- **Task directions**
Copy exactly, and only, the lines from the one with "Gufram presents the" to the end of the listing; omit pictures.

- **Data**

————

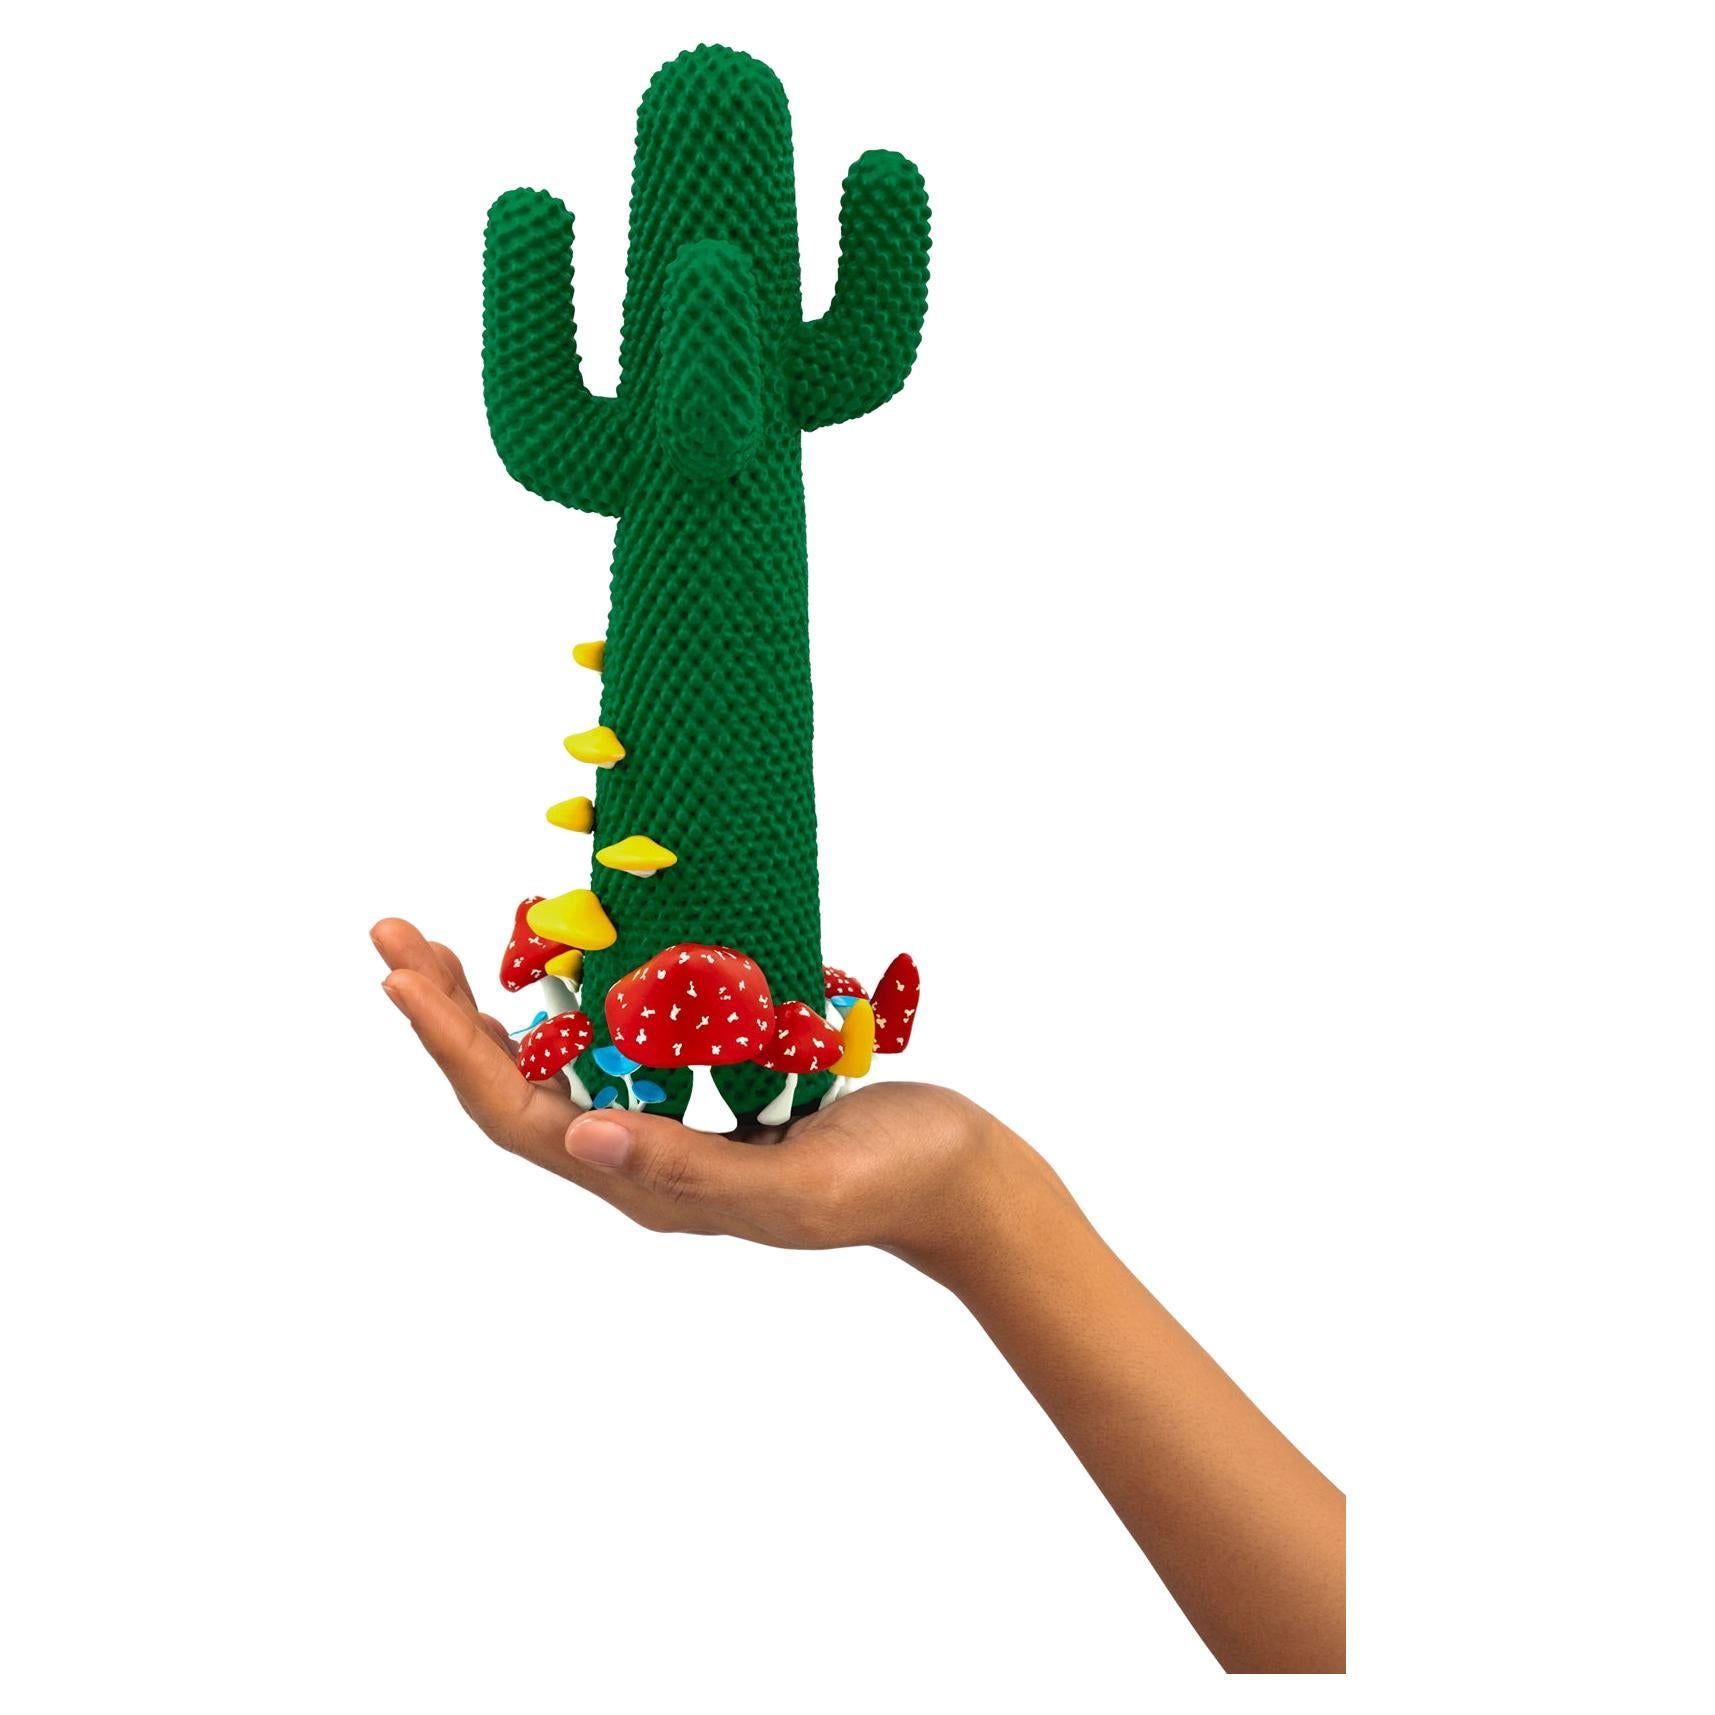 LIMITED EDITION #24/99

Gufram presents the miniaturised version of the Shroom CACTUS® created in collaboration with A$AP Rocky and the artist’s new design studio HOMMEMADE Exactly as the real-size Shroom CACTUS®, the new Guframini piece features
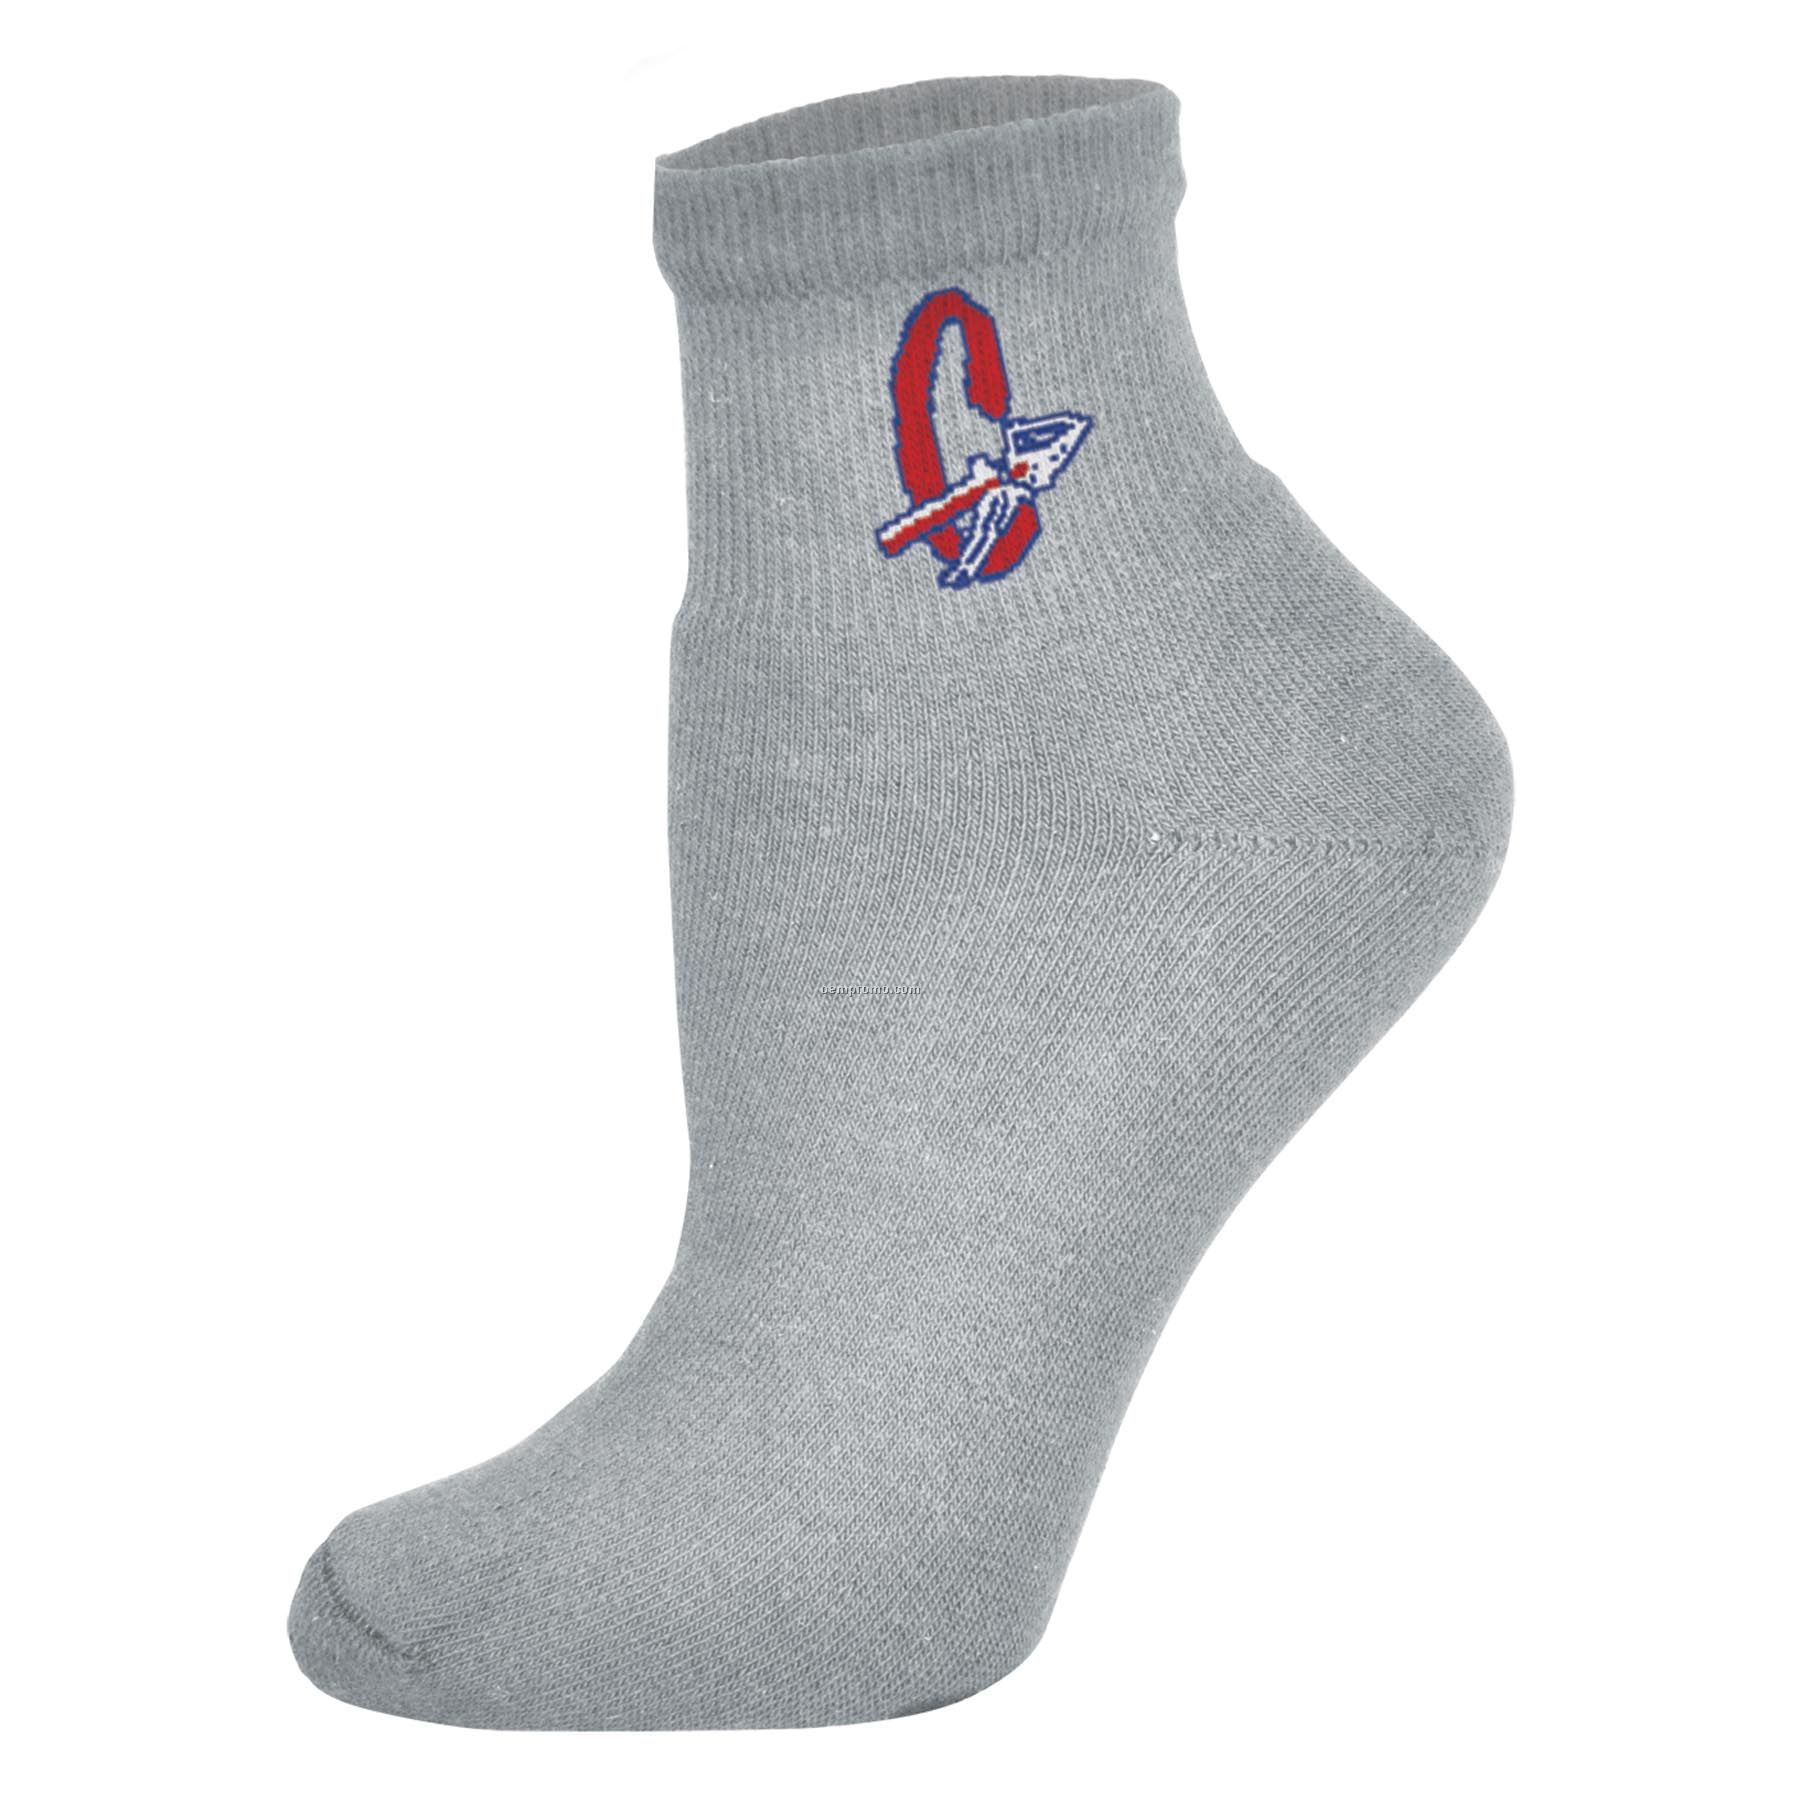 Full Cushion Anklet Sock With Knit-in Logo

————

- **Task response**
Gufram presents the miniaturised version of the Shroom CACTUS® created in collaboration with A$AP Rocky and the artist’s new design studio HOMMEMADE Exactly as the real-size Shroom CACTUS®, the new Guframini piece features
 Full Cushion Anklet Sock With Knit-in Logo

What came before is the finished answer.